Bref, un beau livre qui parle de quête personnelle, de trouver sa vraie nature…

 

Une dernière info, pour la route ?

J’ai beaucoup entendu de personnes demander de quelle race était issu Buck…

Apparemment, c’est important : peut-être pour mieux nous le représenter… 

Et  bien, Buck est un… bâtard !

« Son père Elmo, le grand Saint Bernard » et sa mère « Shep, était de de la race des bergers écossais ». Buck ne pèse que 65 kg ajoute Jack London 😉

Si cette chronique vous a plu et que vous souhaitez en lire une autre, allez par ici !

 

Si vous souhaitez me soumettre une oeuvre qui vous a touché ou qui vous semble importante, envoyez-moi la référence et je me pencherai dessus !

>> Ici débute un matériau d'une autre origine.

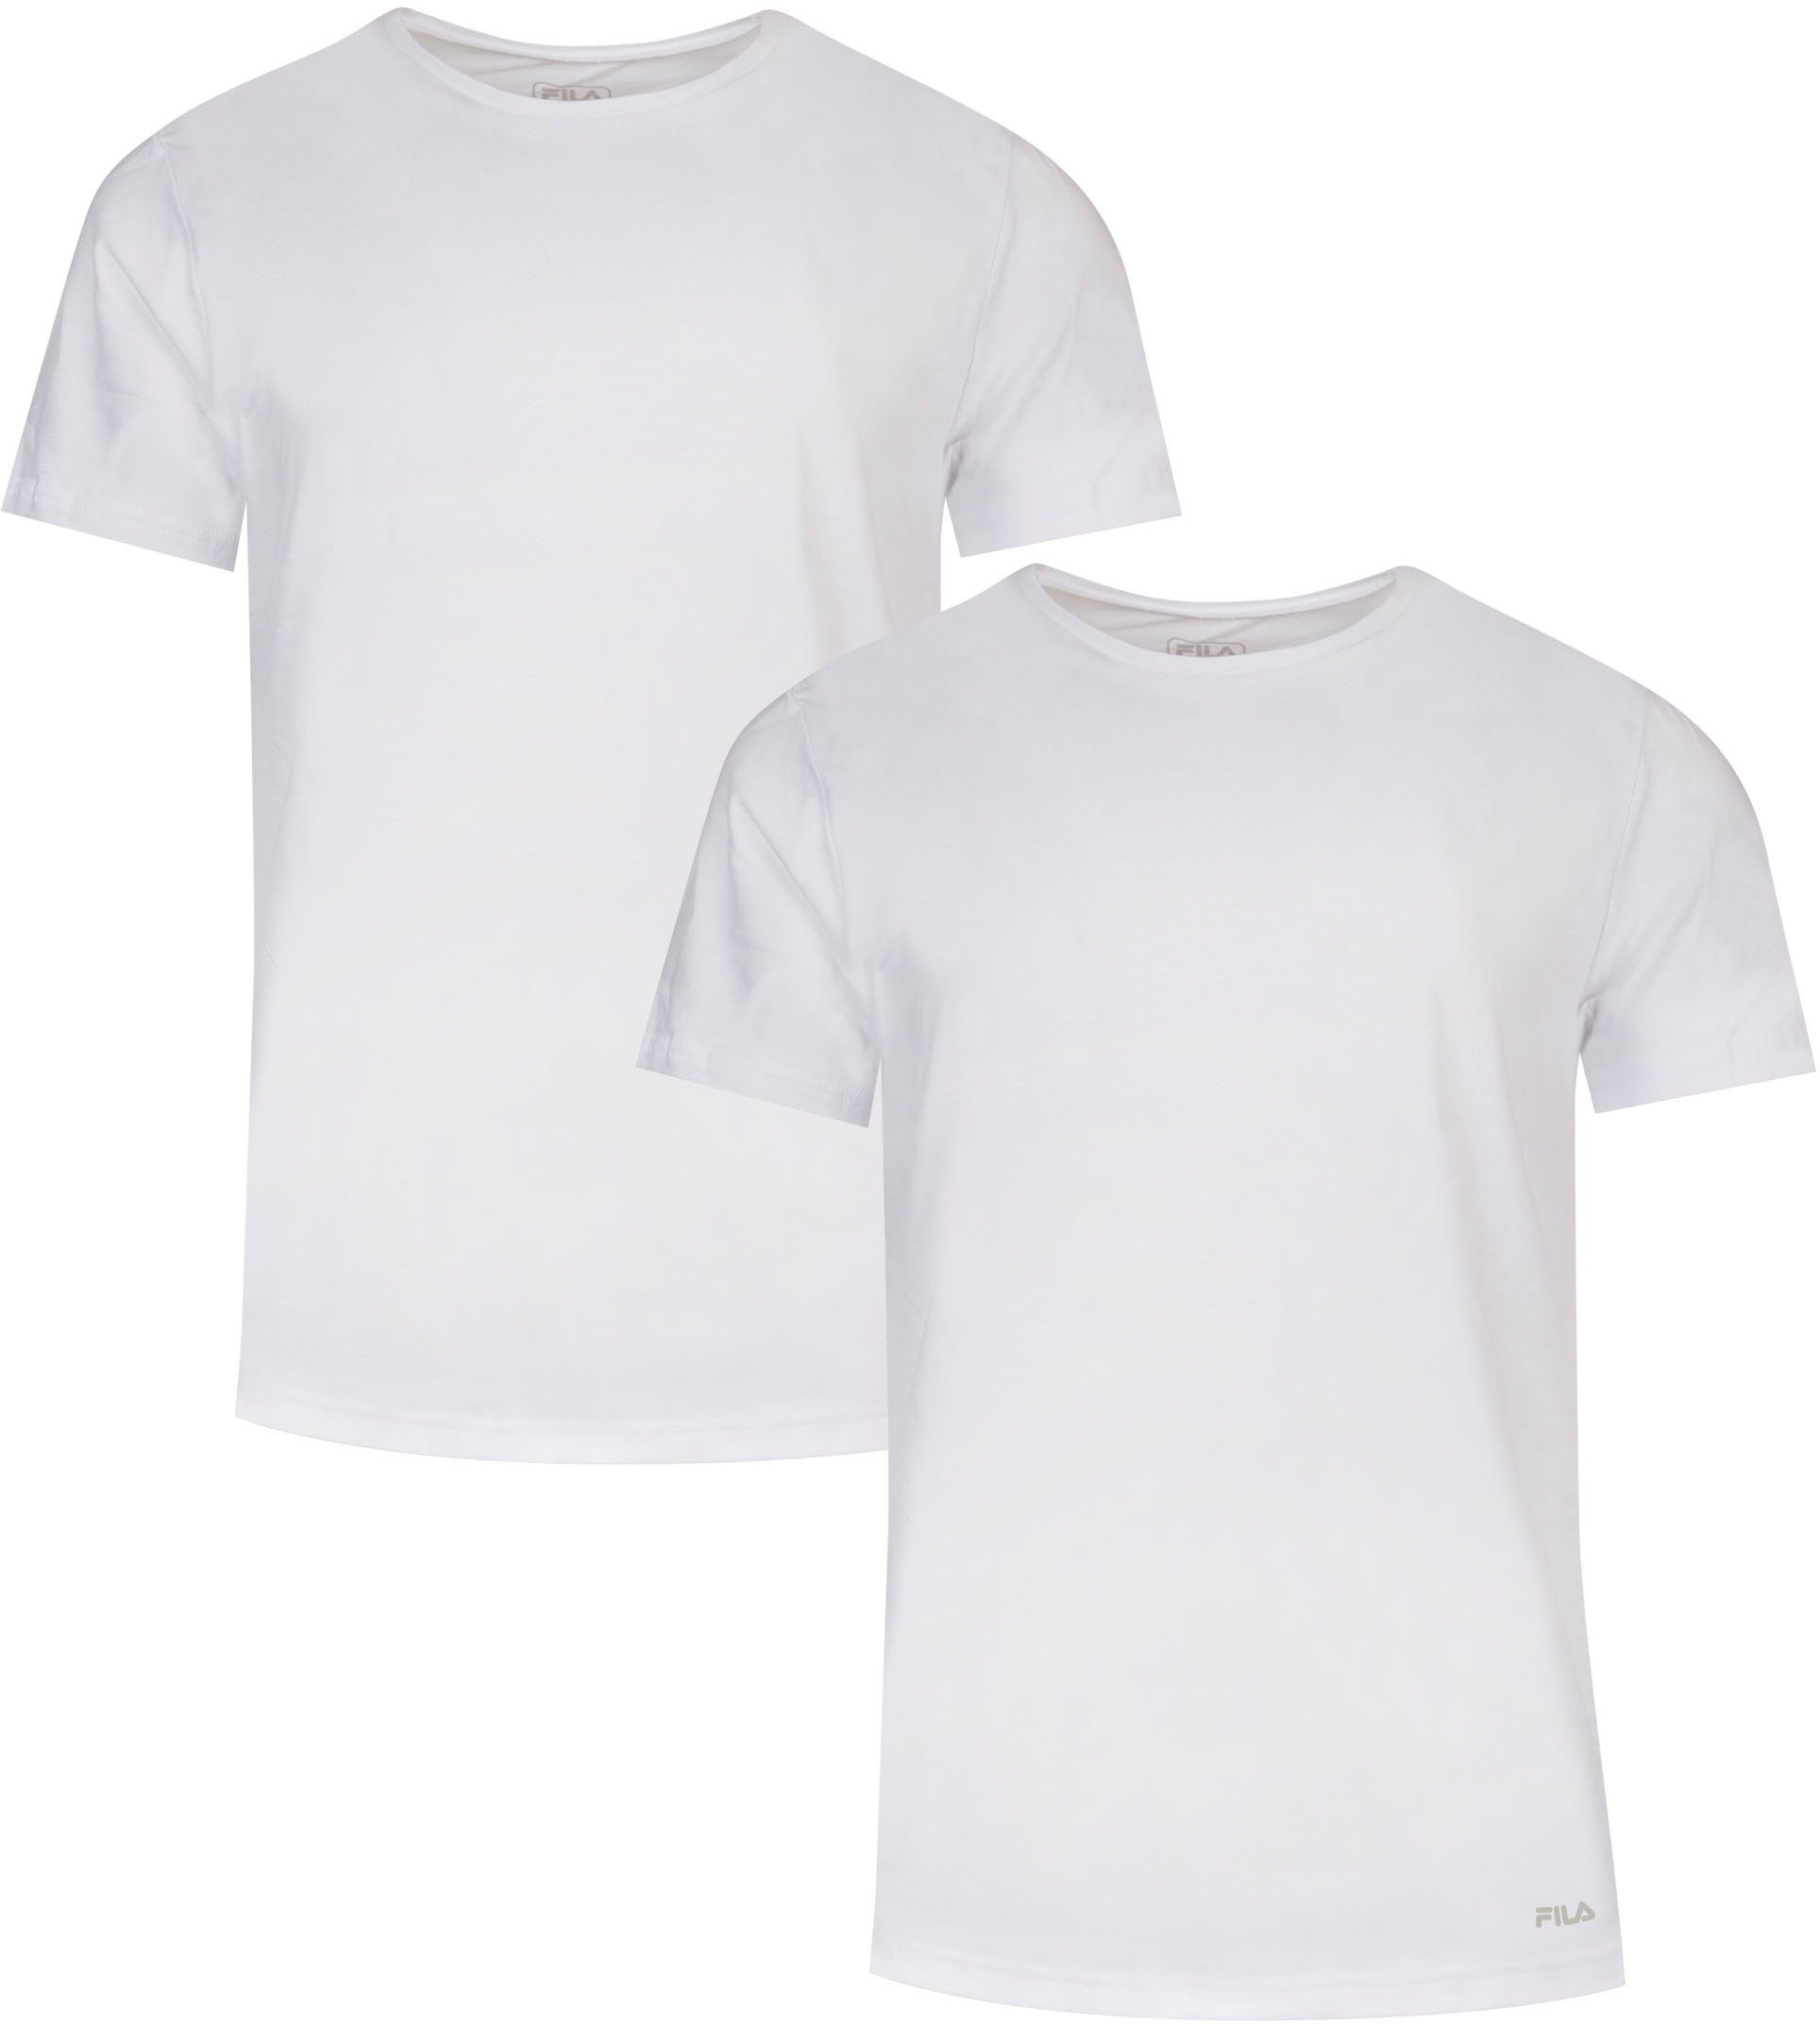 Fila T-Shirt mit klassischem Rundhalsausschnitt und Kurzarm

Bonne lectures et bonnes balades avec votre chien, au cœur des bois…

chien

10 Responses

  1. L’Appel de la forêt est pour moi l’un des plus beaux livres qui ait jamais été écrit. Le chemin de Buck de la civilisation vers le monde sauvage, symétriquement opposé à celui de Croc-Blanc qui fait le chemin inverse, est sublimé par l’amour. Et cet amour absolu dont les chiens détiennent le secret amène des moments poignants dans un décor grandiose.
    Merci pour ce bel article.

  2. Merci pour cette belle analyse… très pertinente, très fine. Je constate que tes talents littéraires sont toujours aussi grands. Continue à les développer. Continue à faire découvrir ou re-découvrir des lectures connues ou non. A chaque re-lecture et à chaque époque, on trouve autre chose dans un livre. C’est bien la preuve que l’esprit est « dynamique  » et non « statique ». Pour le moment je ne vois pas parmi mes lectures une à te proposer. Je vais y réfléchir. Mes lectures sont plutôt philosophiques.

  3. Je pense au livre « la grande meute » de Paul Vialar… même si le sujet est en relation avec la chasse à cour, le rapport homme et chien est assez émouvant.